WHAT THIS TASK INVOLVES: Copy the data exactly, pictures aside.

RECORDED DATA:
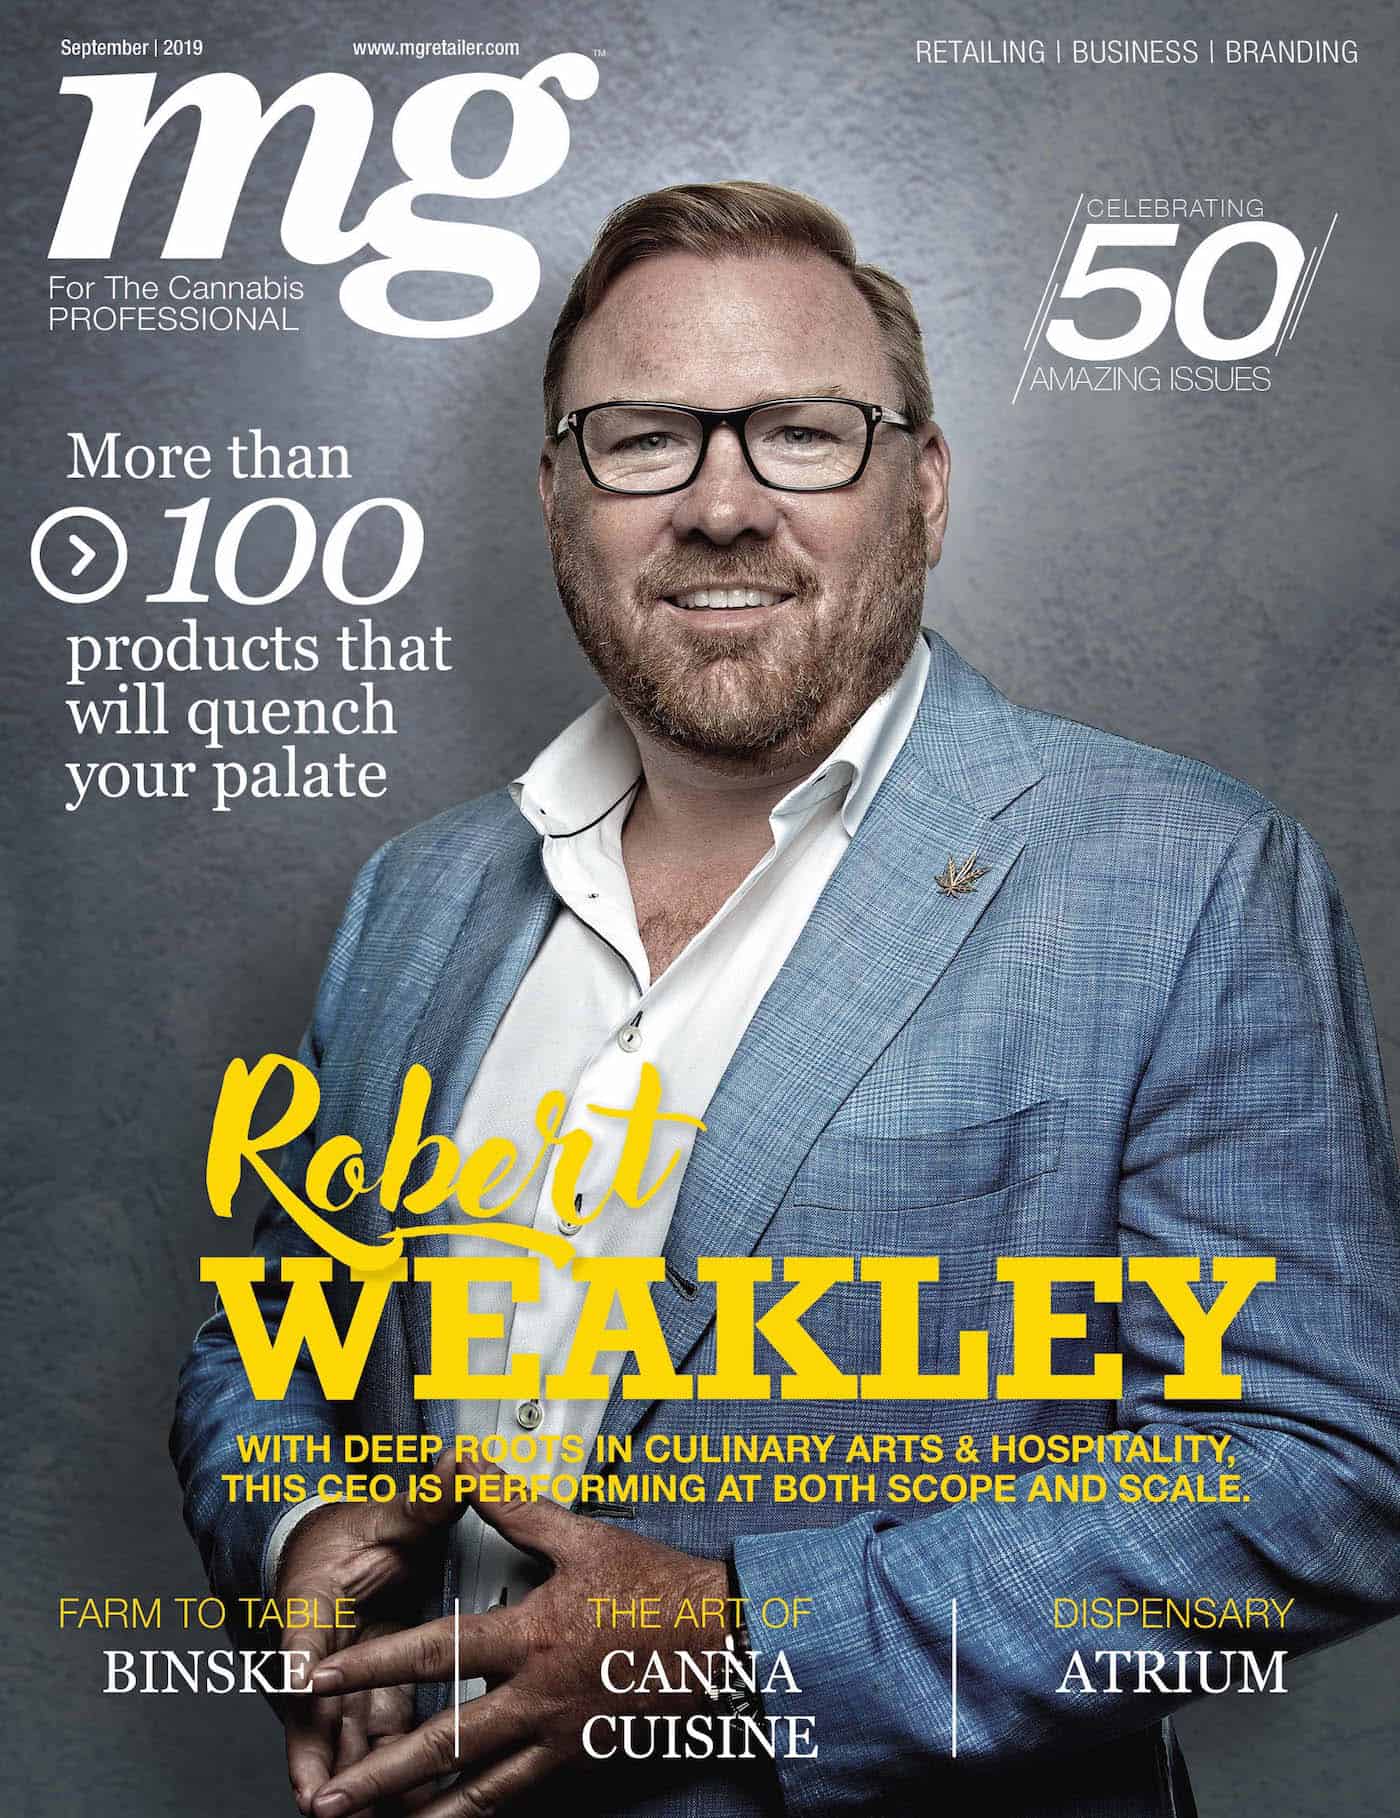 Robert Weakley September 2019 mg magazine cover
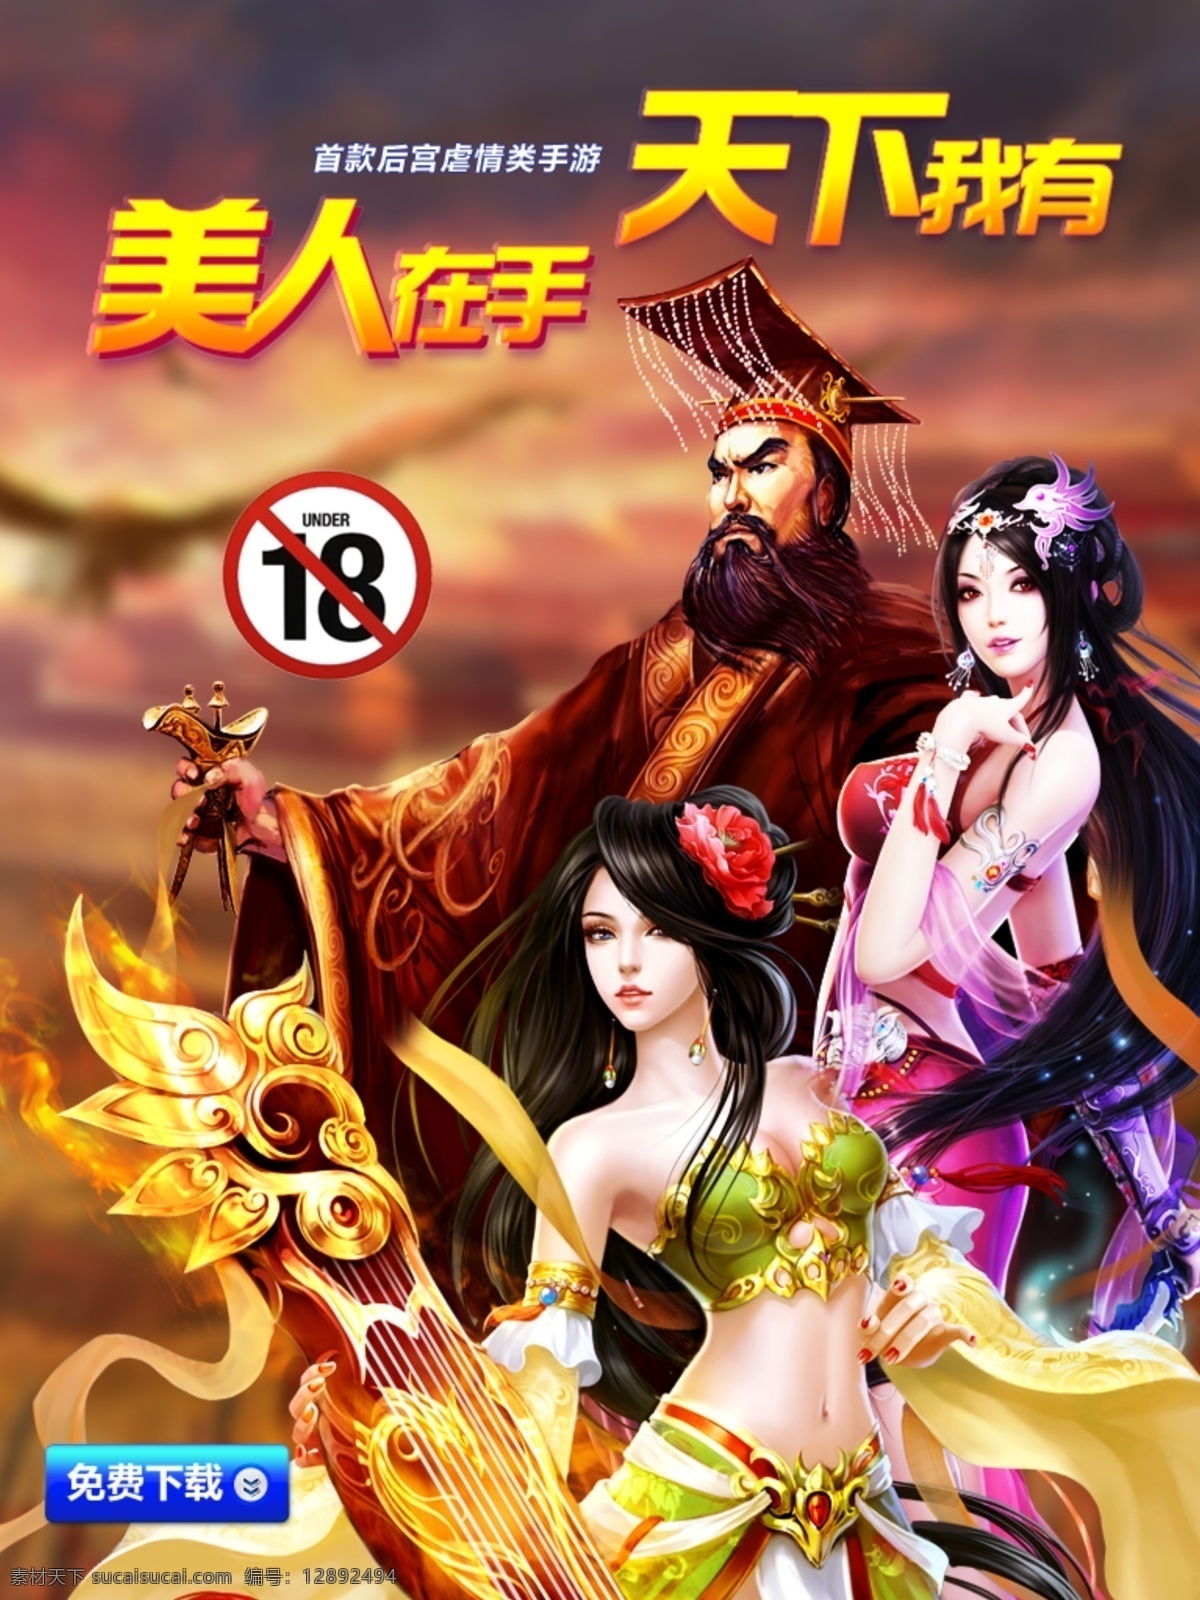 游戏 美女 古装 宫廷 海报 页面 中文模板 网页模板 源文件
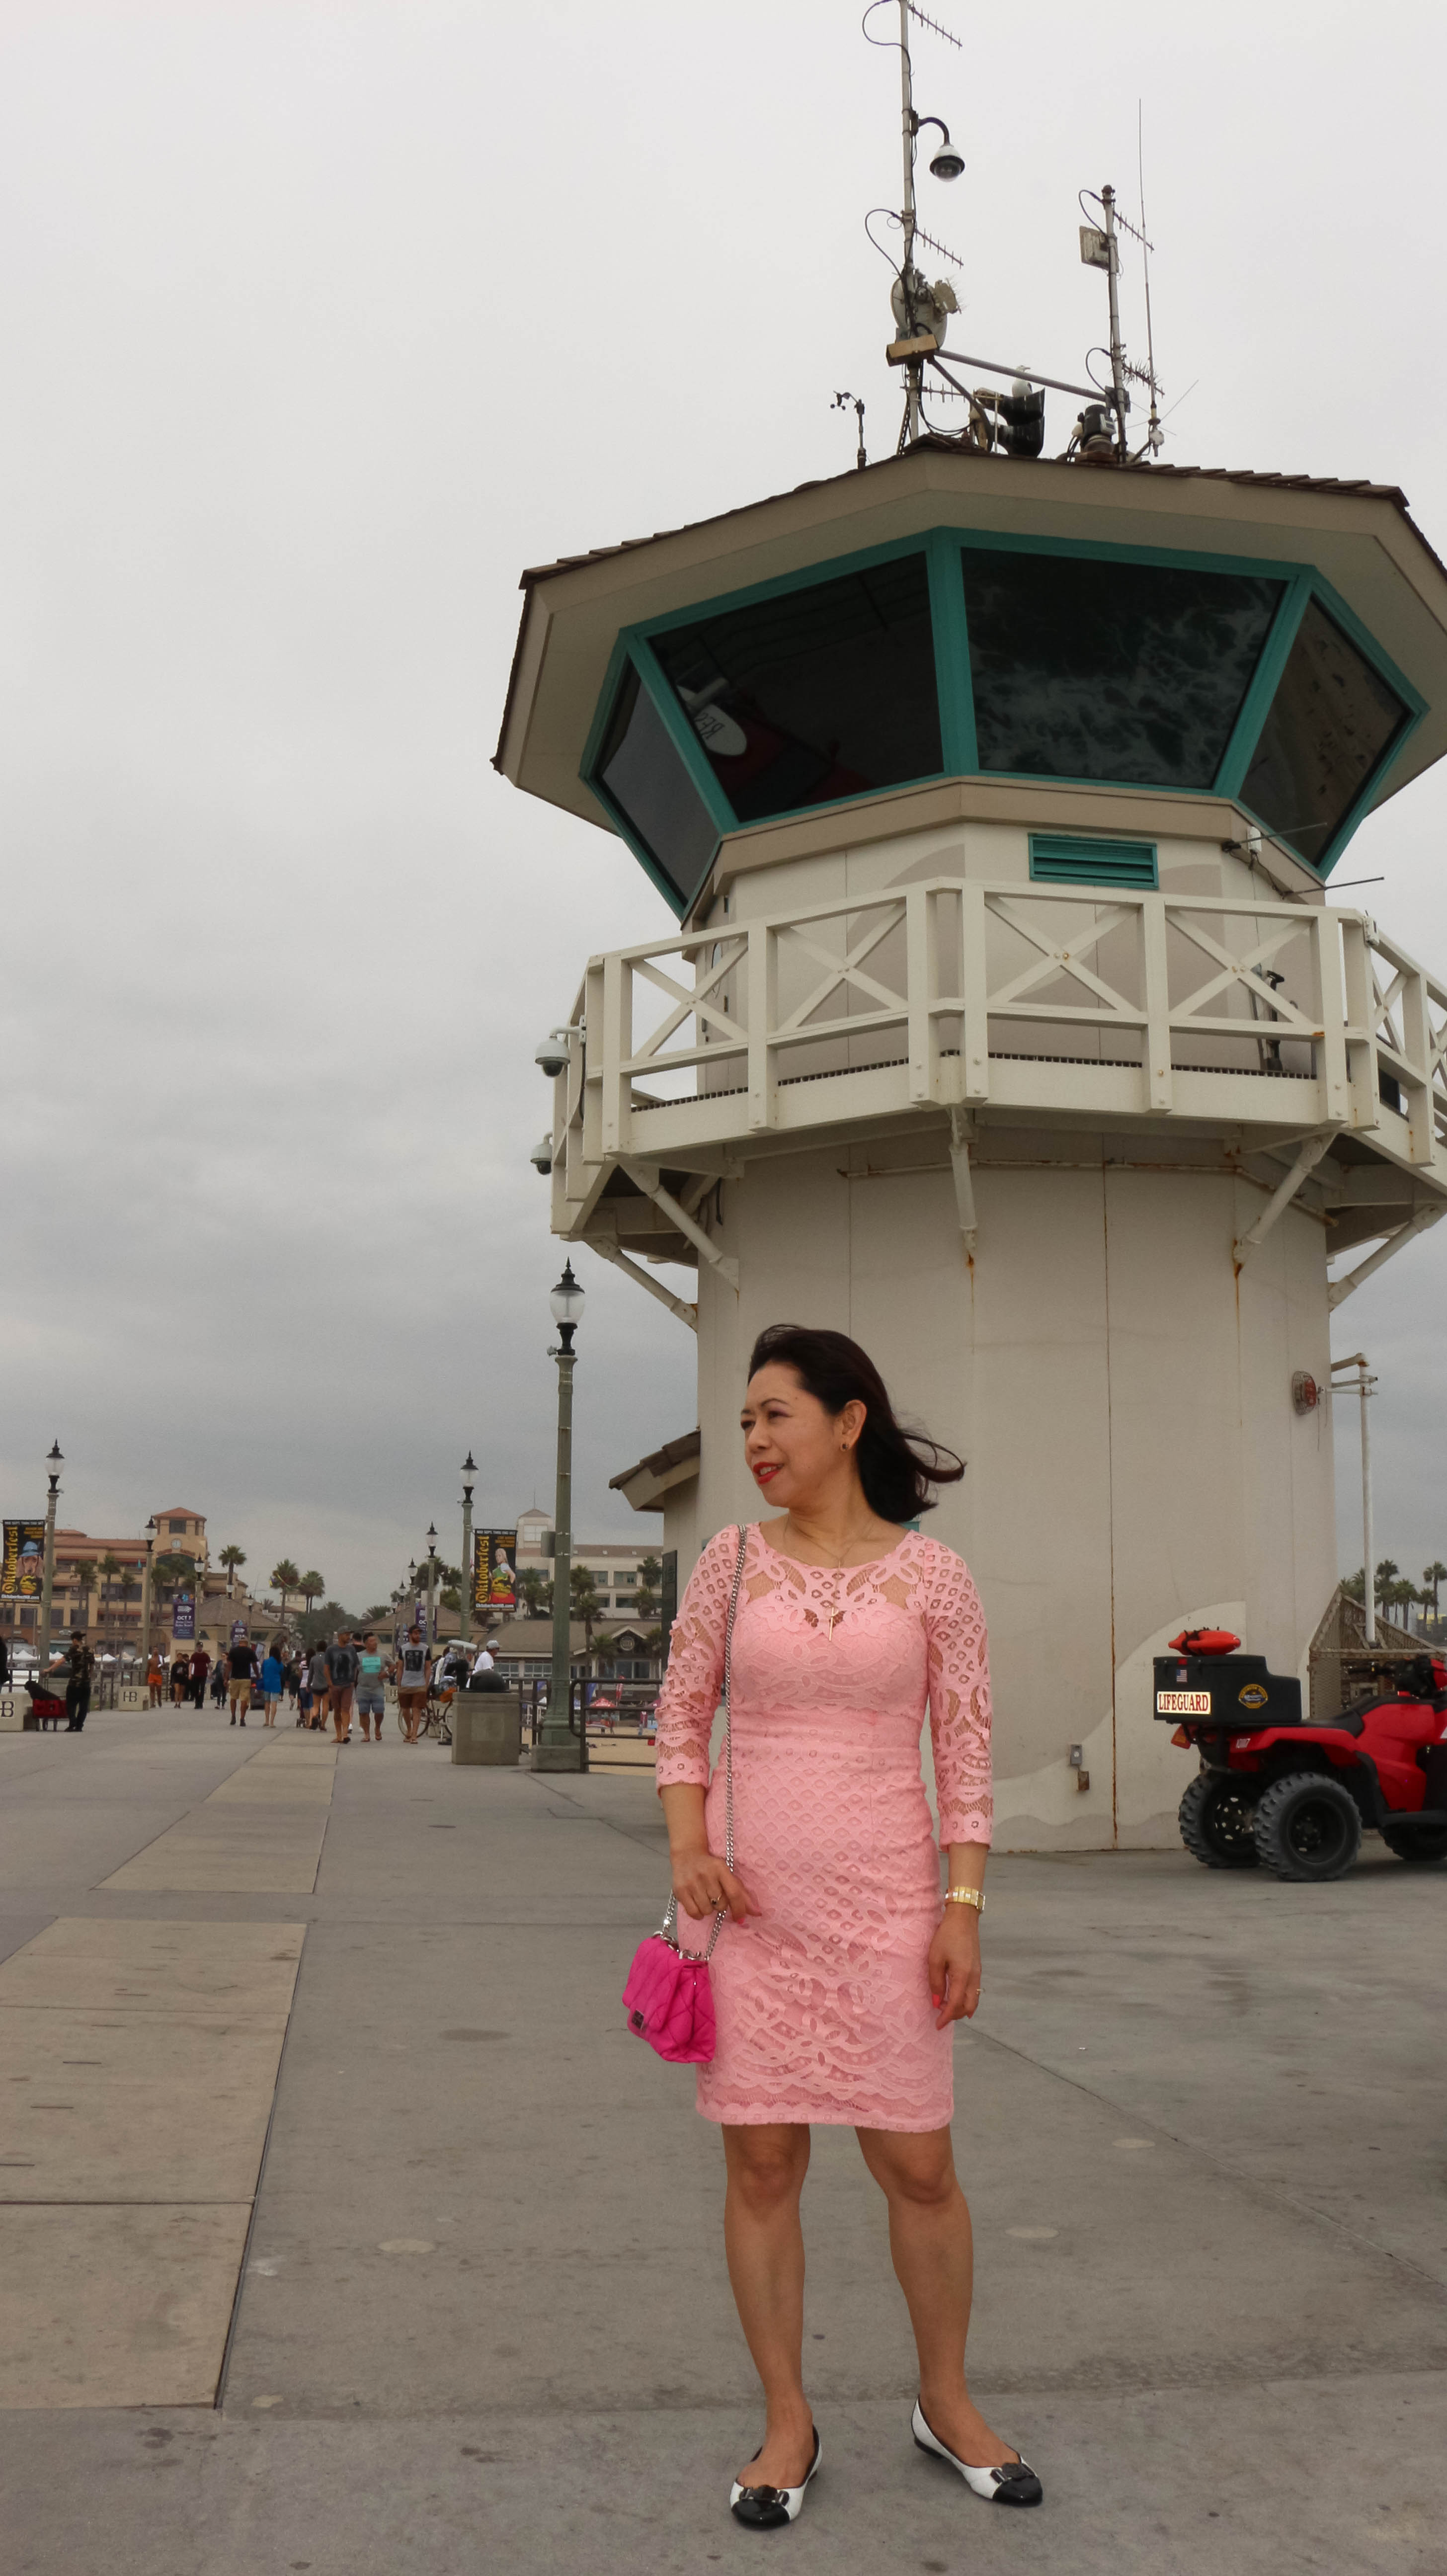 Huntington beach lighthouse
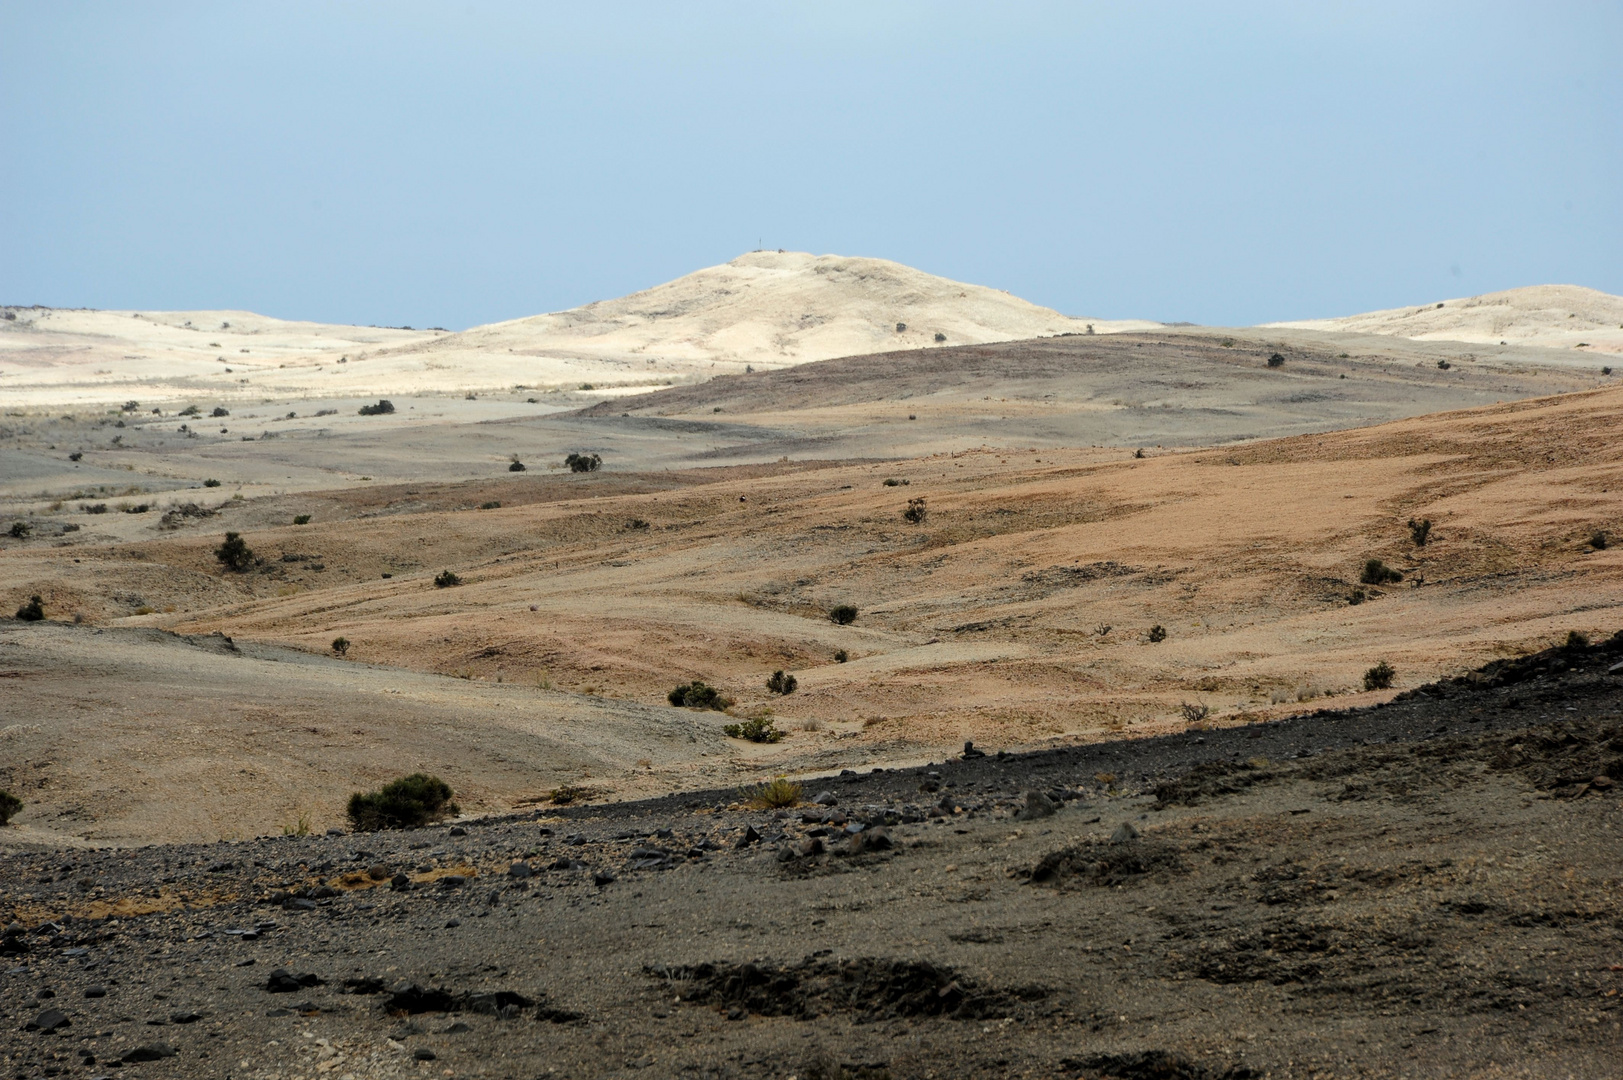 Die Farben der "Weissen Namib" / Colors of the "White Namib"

EXERCISE SOLUTION:
 Robert Weakley September 2019 mg magazine cover
 游戏 美女 古装 宫廷 海报 页面 中文模板 网页模板 源文件
 Huntington beach lighthouse
 Die Farben der "Weissen Namib" / Colors of the "White Namib"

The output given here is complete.